本文章由计算机程序翻译，如有差异，请以英文原文为准。

查看原文本刊更多论文

A comparative evaluation of publicly available large language models in the assessment of CTG traces according to the FIGO criteria.

Background: Cardiotocography (CTG) remains a cornerstone in fetal monitoring, but its interpretation is subject to considerable inter- and intra-observer variability. Artificial intelligence (AI) tools, particularly large language models (LLMs), offer potential to improve diagnostic consistency and reduce clinician workload.

Objectives: This study aims to evaluate and compare the accuracy of various LLMs in CTG interpretation based on Federation of Gynecology and Obstetrics (FIGO 2015) criteria.
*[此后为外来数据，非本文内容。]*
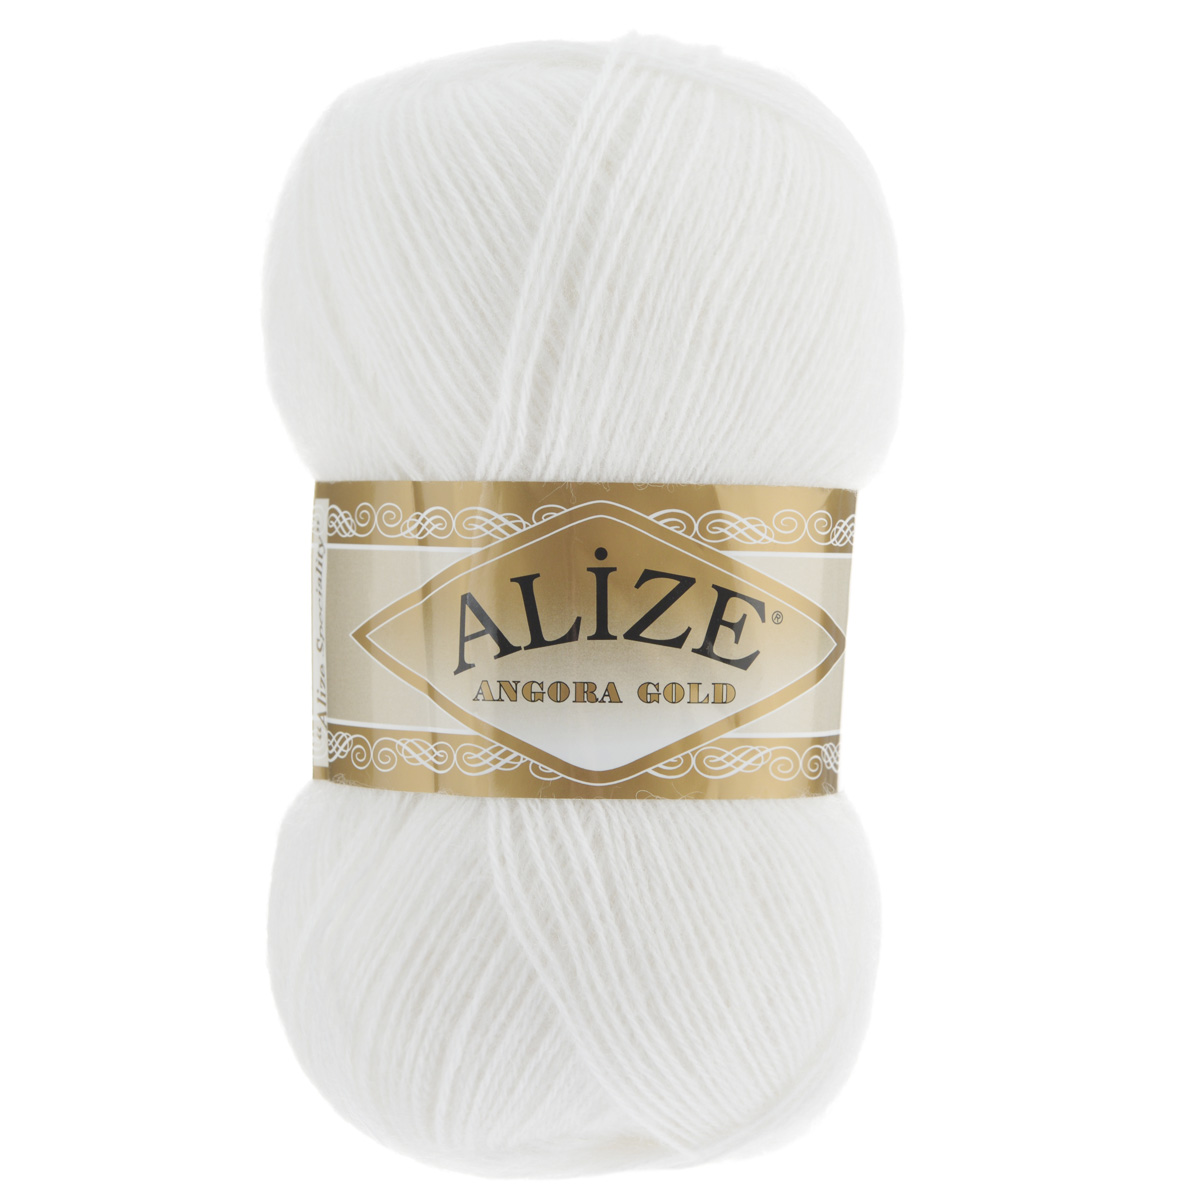 "Пряжа для вязания Alize ""Angora Gold"", цвет: белый (55), 550 м, 100 г, 5 шт"
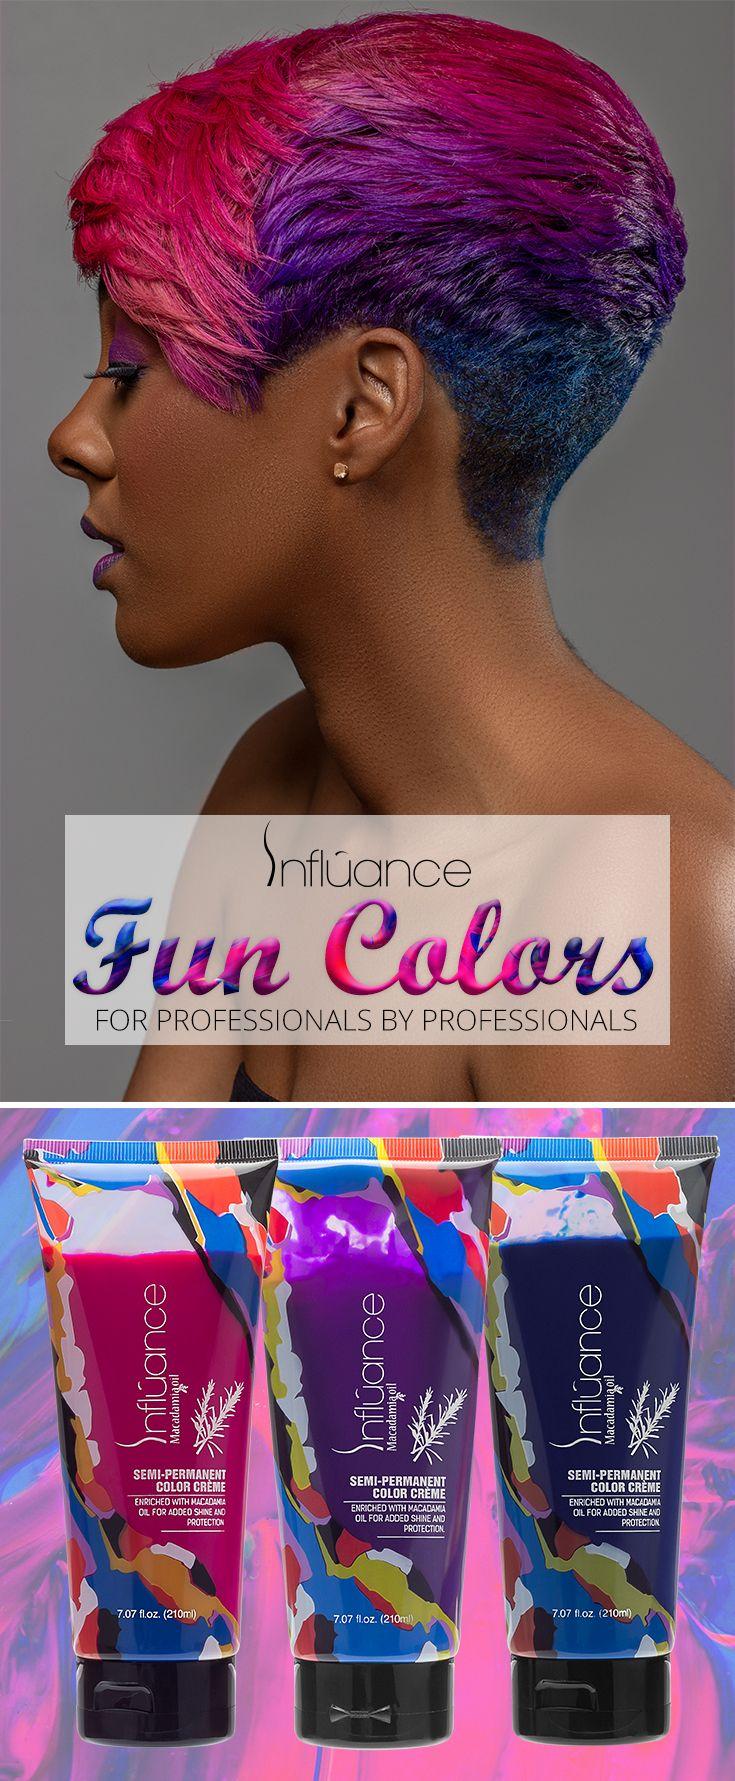 Influance Hair Care Fun Colors For Professionals By Professionals Capelli Piu Corti Capelli

Study design: An analysis of sixty CTG traces previously classified by clinicians at the University Hospital Basel according to FIGO guidelines was conducted. In a two-run protocol, 30 normal CTG traces were initially presented as screenshots to Chat-GPT-4.0, Google Gemini, Bing Copilot, and DeepSeek. Subsequently, the LLMs that demonstrated adequate interpretation of normal CTGs were tasked to classify another 30 suspicious or pathological CTG traces. Each LLM was asked to classify each CTG trace as normal or abnormal.

Results: DeepSeek was unable to interpret CTGs and was excluded. Google Gemini showed poor performance (6.7%) on normal CTGs. Chat-GPT-4.0 partially succeeded in correctly classifying the provided CTG traces as normal (46.7%) or abnormal (50%). Bing Copilot accurately interpreted normal CTGs (96.6%) but failed on abnormal ones (0%).

Conclusions: LLMs show major limitations in the interpretation of CTG traces according to the FIGO criteria.

求助全文

通过发布文献求助，成功后即可免费获取论文全文。去求助

来源期刊

Archives of Gynecology and Obstetrics 医学-妇产科学

CiteScore

4.70

自引率

15.40%

发文量

493

审稿时长

1 months

期刊介绍： Founded in 1870 as "Archiv für Gynaekologie", Archives of Gynecology and Obstetrics has a long and outstanding tradition. Since 1922 the journal has been the Organ of the Deutsche Gesellschaft für Gynäkologie und Geburtshilfe. "The Archives of Gynecology and Obstetrics" is circulated in over 40 countries world wide and is indexed in "PubMed/Medline" and "Science Citation Index Expanded/Journal Citation Report". The journal publishes invited and submitted reviews; peer-reviewed original articles about clinical topics and basic research as well as news and views and guidelines and position statements from all sub-specialties in gynecology and obstetrics.